It is an undisputed fact that the over-collateralization of assets (including toxic ones prior to 2008) and the securitization explosion that took place between 2000-2007, created the seeds of the financial crisis via credit-overextension. The response to that was an overextension of the monetary base, which in turn has seeded the ground for a new credit cycle which, like a restless wrestler, is seeking to defeat catharsis- that is, the detoxification of the economy of too much debt and leverage.
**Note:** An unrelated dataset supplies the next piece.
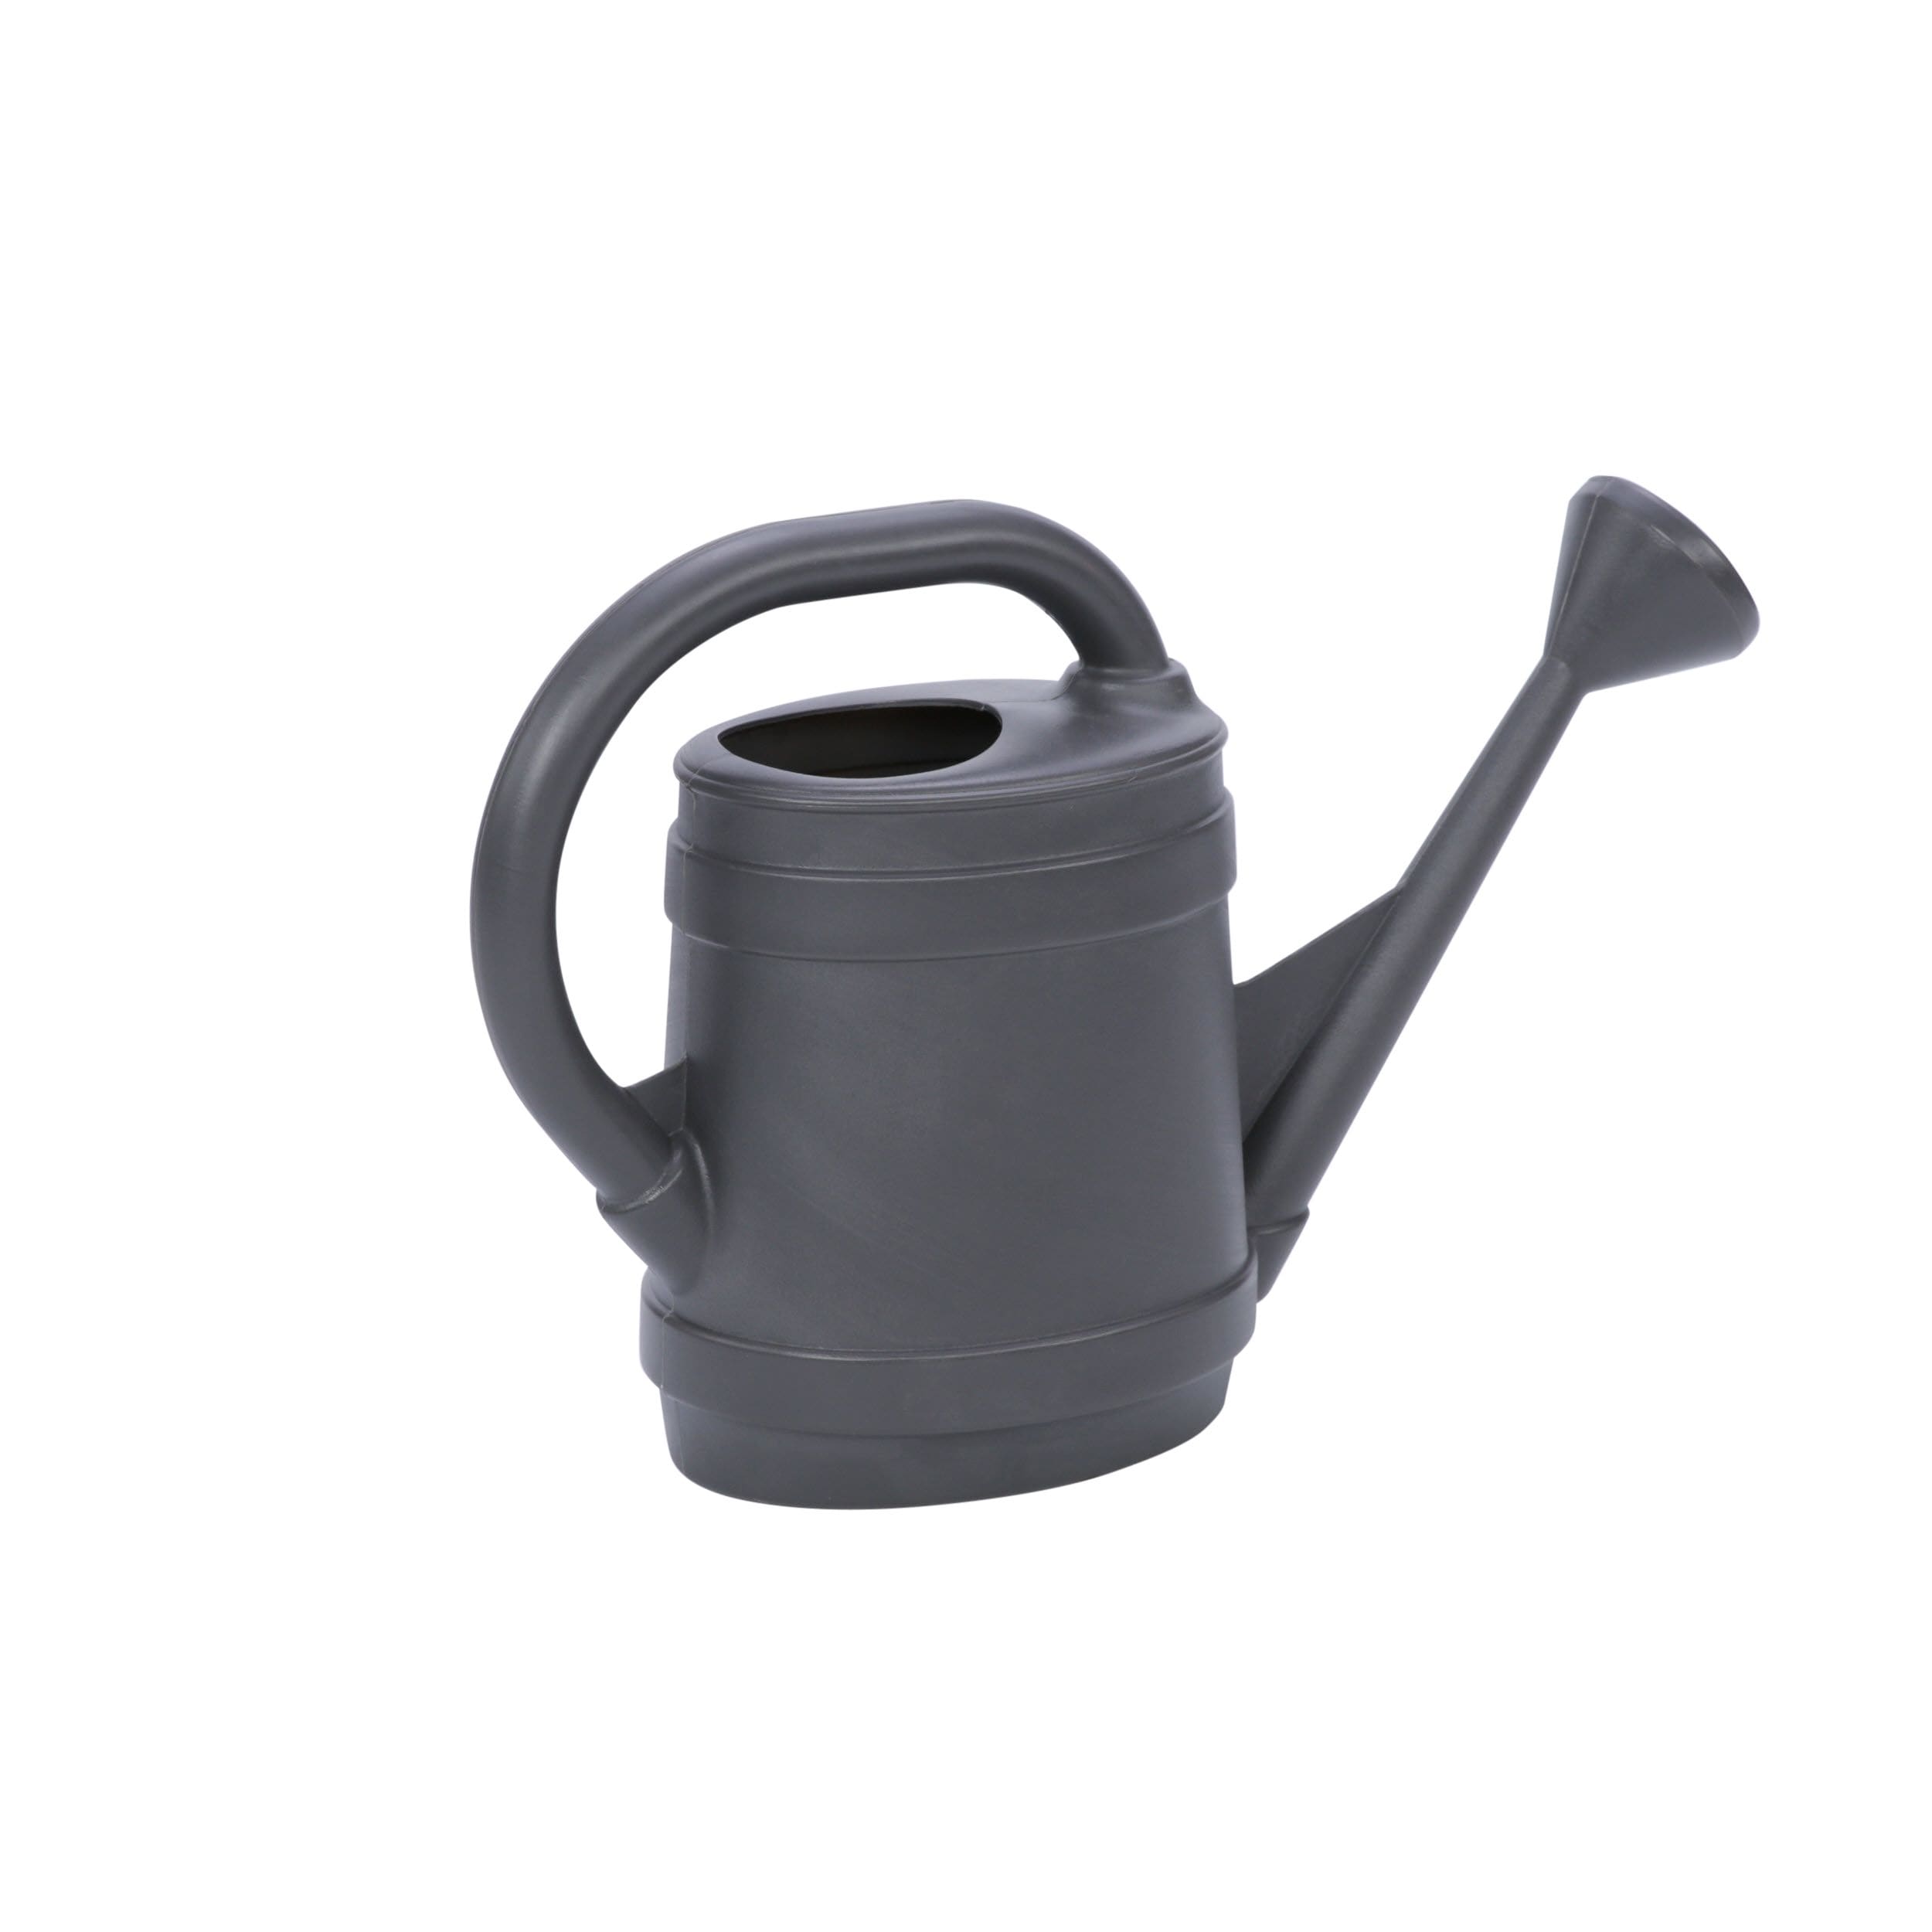 Details about   Durable Watering Can 2 Gallon Slate Lightweight Home Garden Outdoor Water Holder

Credit is the oxygen of the economy. Abnormal quantities (whether small or large) are harmful. The inability to assess its vital role, leads to capital misallocation and distorted prices. The latter misconfigures the price discovery mechanism and from there on the birth pains of economic and financial disequilibrium start their destabilization process.

The hunger for the centralization of power and the usage of credit as the vehicle for that accomplishment has created a triple problem: First, it has morphed a loophole, where credit feeds assets prices that tend to move according to expectations of financial variables (e.g. interest rates) rather than real variables (such as productivity), and which in turn of course distort the whole economic and financial environment. Second, it is the source of new shocks (e.g. volatility) in the economic and financial spheres where credit extension or contraction amplifies the expected outcome/result and hence leads to faulty policy decisions (e.g. postponing the normalization of interest rates). Third, it builds up financial entropy, which necessitates either a disintegration or a deus ex machina, with the latter leading to potential geostrategic conflicts.

The graph below signifies the essence of the first distortion discussed above. Despite credit overextension the growth rate of productivity (the most important economic variable) is declining, and with that decline several other distractions and disruptions follow.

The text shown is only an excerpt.